T-SIM sheet / B-SIM
preform/parison file format

This file describes grid file format for T-SIM representation
of sheets.

(Format for B-SIM representation of preforms/parisons is the same).

In the above figure the node 1 has coordinates (
x, y, z ) = (0, 0, 0 ). The node 4 has its coordinates ( 200, 150, 0).
The numbering of the nodes within one element is counterclockwise. (First
element is created by nodes 3, 1, 5).Here is the listing of corresponding
file:

T-SIM - DATA OF THE SHEET
QUARTER
1 3 1 5 3.3 105.3
2 1 2 5 3.1 105.4
3 2 4 5 3.2 105.9
4 4 3 5 3.5 106.0
-111 1 1 1 1 1 1 END NOP
200.0 Char. dist
1 0.000000 0.000000 0.000000 0
2 200.000 0.000000 0.000000 0
3 0.000000 150.000 0.000000 0
4 200.00 150.000 0.000000 0
5 100.000 75.0000 0.000000 0
-111 1 1 1 1 1 1 END OF COORS
2 1
2 1
2 1
3 1
3 1
3 1
4 1
4 1
4 1
1 1
1 2
-111 1 1 1 1 1 1 END OF BCs
1 1.000000 0.000000 0.000000 0.000000
2 0.000000 1.000000 0.000000 0.000000 |

All items in the grid data file are separated by
spaces.

First line is a comment.

Second lines expresses the type of the grid symmetry. It can be FULL,
HALF or QUARTER.

In the third line begins the topology of the grid.

In each row of this part the first number is number of element.
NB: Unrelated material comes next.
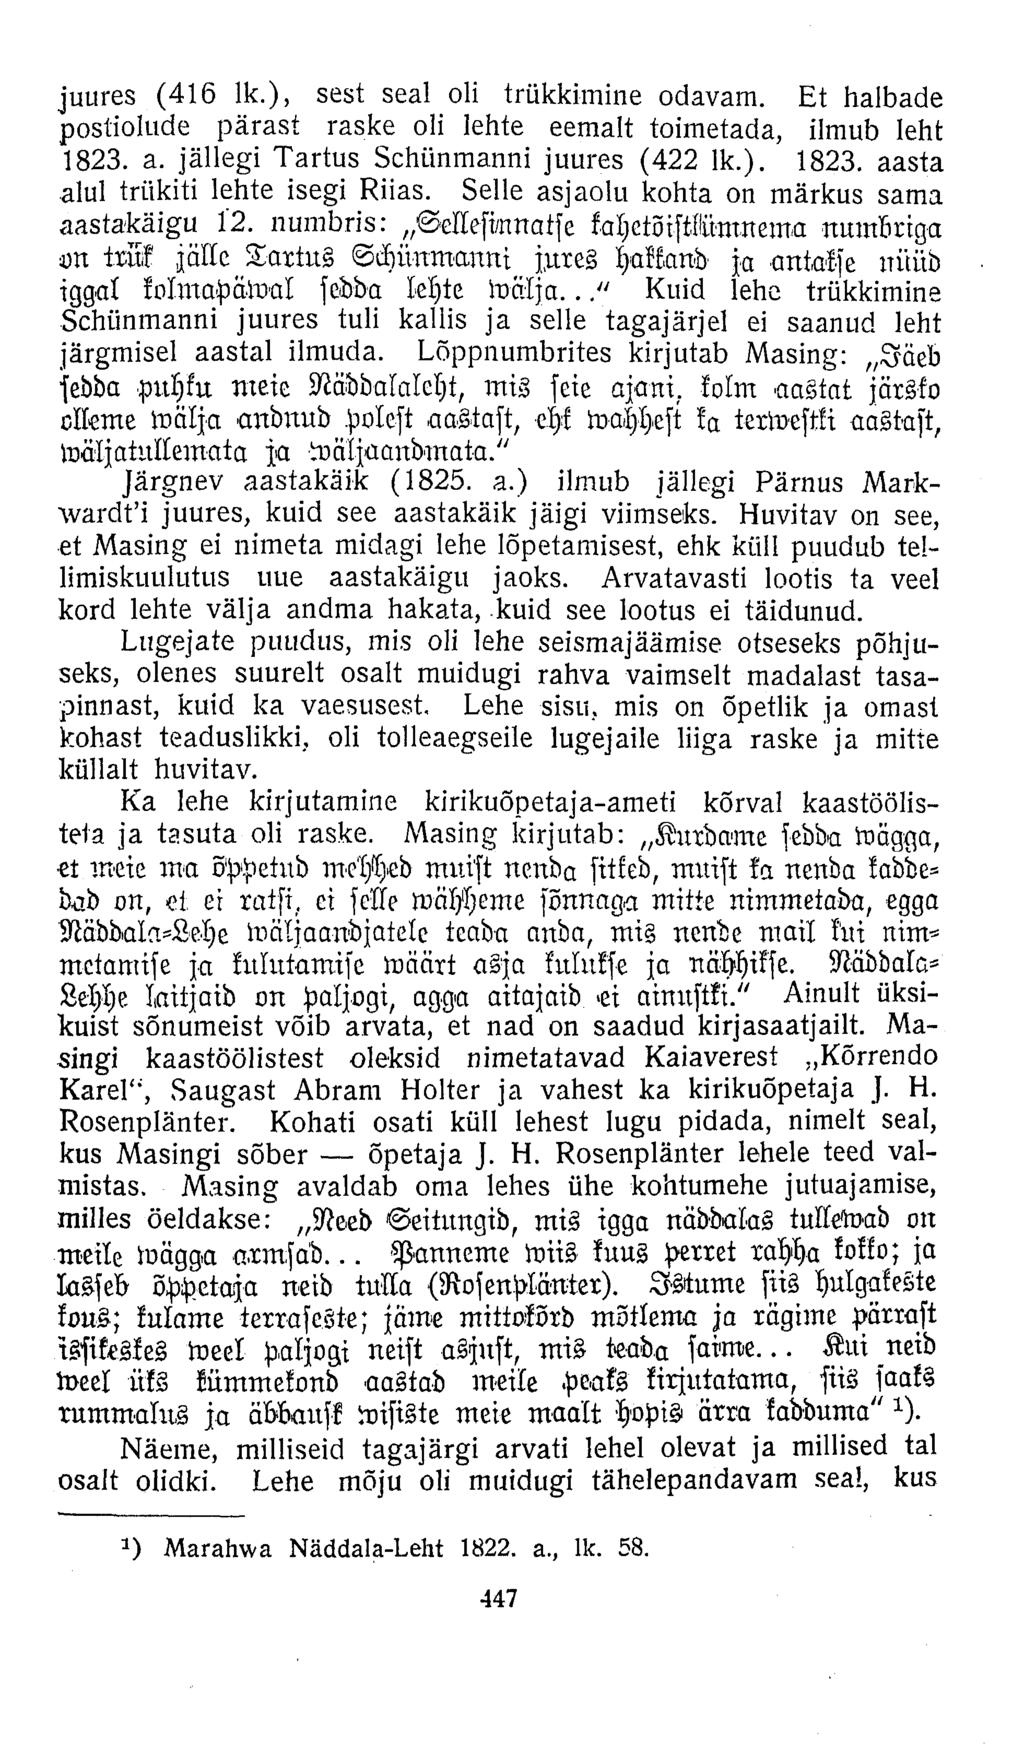 juures (416 lk.), sest seal oli trükkimine odavam. Et halbade postiolude pärast raske oli lehte eemalt toimetada, ilmub leht 1823. a. jällegi Tartus Schünmanni juures (422 lk.). 1823. aasta alul trükiti lehte isegi Riias.

Three
other numbers indicate the nodes within the element. Fifth number is
the thickness of the element in mm. Last number in the row is the temperature
of the element in C.

List of the grid topology ends with the row -111 1 1 1 1 1 1 END NOP.

The Char. dist values is for backward compatibility
- it is the value of characteristic distance (mm) for the sheet, now
automatically calculated inside T-SIM / B-SIM code. After this row there
are data with coordinates of nodes in the following format:

n_node x y z clamp,

where n_node is the number of the node,

x, y and z are the coordinates of the node in mm,

and clamp is a flag detecting whether the node is clamped (1) or not
(0).

Coordinate part ends with row -111 1 1 1 1 1 1 END
OF COORS.

Final part of the file consists of the definition
of boundary conditions. Each node obeying the boundary condition is
written along with the corresponding plane at which this node is bound.

The node can have one of the following status:

Free - no boundary condition (BC) is applied.

Slip along a plane - one BC is applied as a plane.

Moving along a line - two BC are applied (the line is given
by two intersecting planes).

Fixed point - three or more BC are applied.

*Once a grid is created inside T-SIM/B-SIM, the
boundary conditions are not editable. The only possible modification
of these conditions is adding / removal of clamping, but clamping is
represented in the section with node coordinates. So it is not possible
to remove BC for any node, but it is possible to clamp and remove the
clamping for any node.*

When one node has to be fixed and its movement is
not allowed during the simulated process, it appears three or more times.
Such an occurrence gives the signal to solver that this node is fixed.
In this case nodes 2, 3 and 4 are fixed). Node 1 has two boundary conditions
at plane x = 0 (ref. 1) and y = 0 (ref. 2). Node 5 has no boundary condition.
The definition of the referred planes is given in last two lines of
the file:

Plane 1 has equation 1*x + 0*y + 0*z + 0 = 0.
Plane 2 has equation 0*x + 1*y + 0*z + 0 = 0.